Baker’s plan calls for talks in Cairo between Israelis and a Palestinian delegation that would include Palestinians deported from the territories and those with addresses in East Jerusalem.

The Cairo dialogue was intended to work out modalities for elections in the administered territories, proposed by Shamir in his May 1989 peace initiative. The elected representatives would negotiate with Israel on Palestinian self-rule and eventually the final status of the territories.

Shamir’s aides are known to be working on the letter in close contact with Foreign Minister David Levy, who remained hospitalized in Afula after suffering a heart attack last week.

The reply was not discussed at Sunday’s Cabinet meeting, but informed sources said it would be sent within days.

The sources said Shamir would congratulate Bush on his decision to suspend the U.S. dialogue with the Palestine Liberation Organization.

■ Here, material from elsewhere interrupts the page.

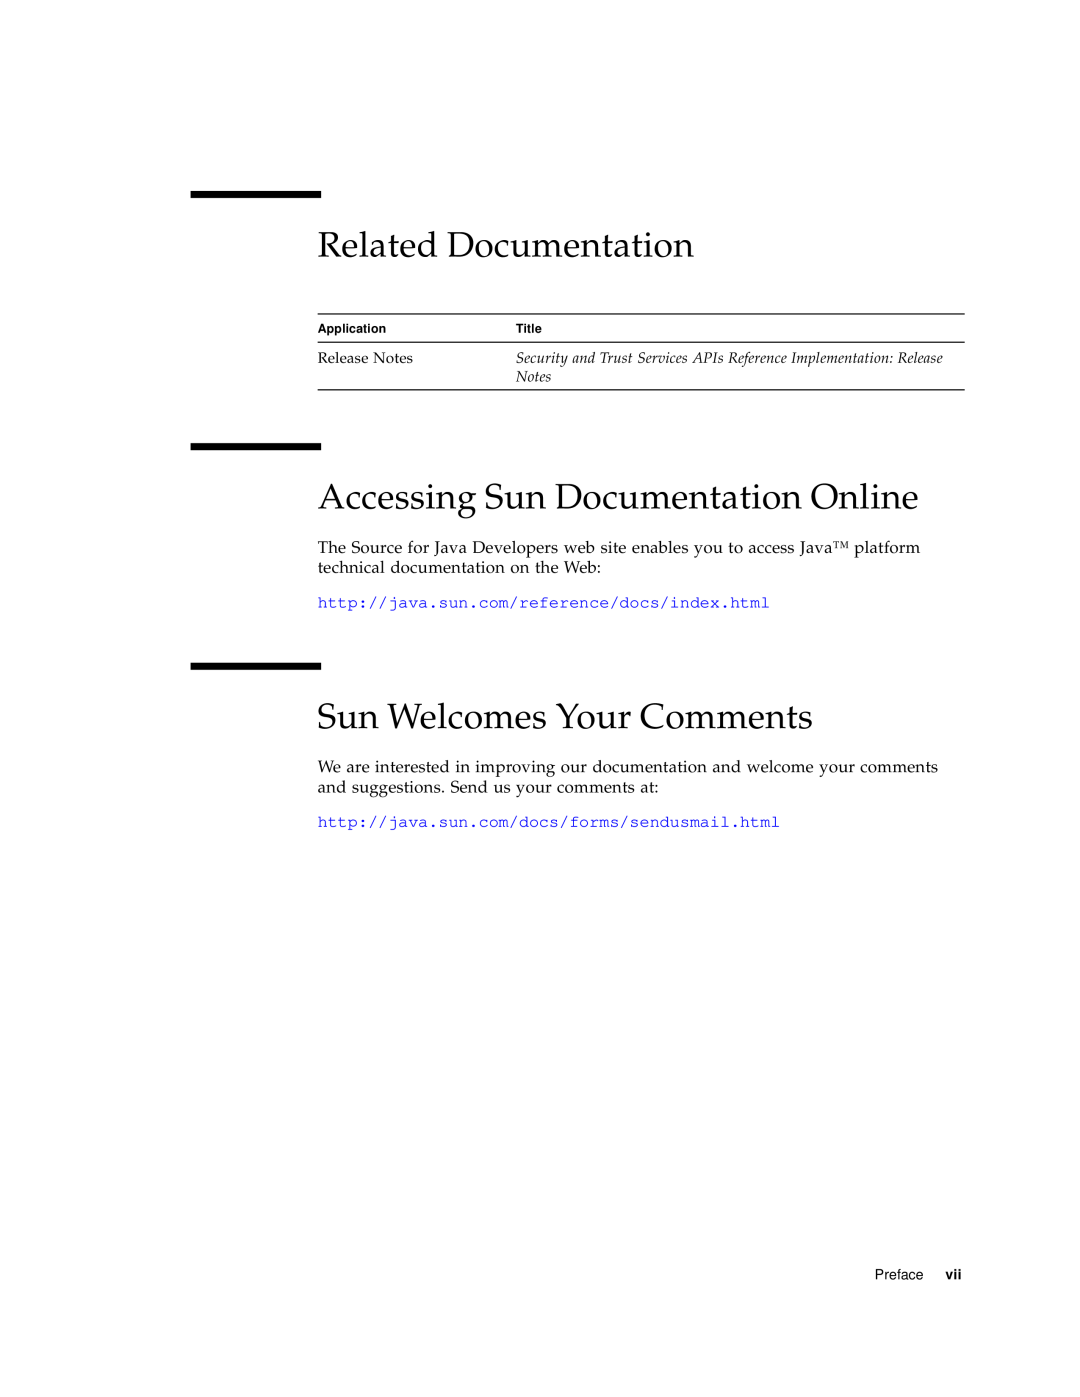 Sun Microsystems 1 manual Related Documentation, Accessing Sun Documentation Online, Sun Welcomes Your Comments

The Israeli letter would also focus on a possible dialogue with “indigenous” Palestinian leaders in the West Bank and Gaza Strip, instead of the proposed Cairo dialogue, which is anathema to some of Shamir’s coalition partners.

The sources said Shamir’s letter to Bush would affirm his ongoing commitment to his original peace plan of May 1989. But it would stress that the plan contains other, largely ignored elements besides the Palestinian elections, including an end of the general state of war between Israel and the Arab states.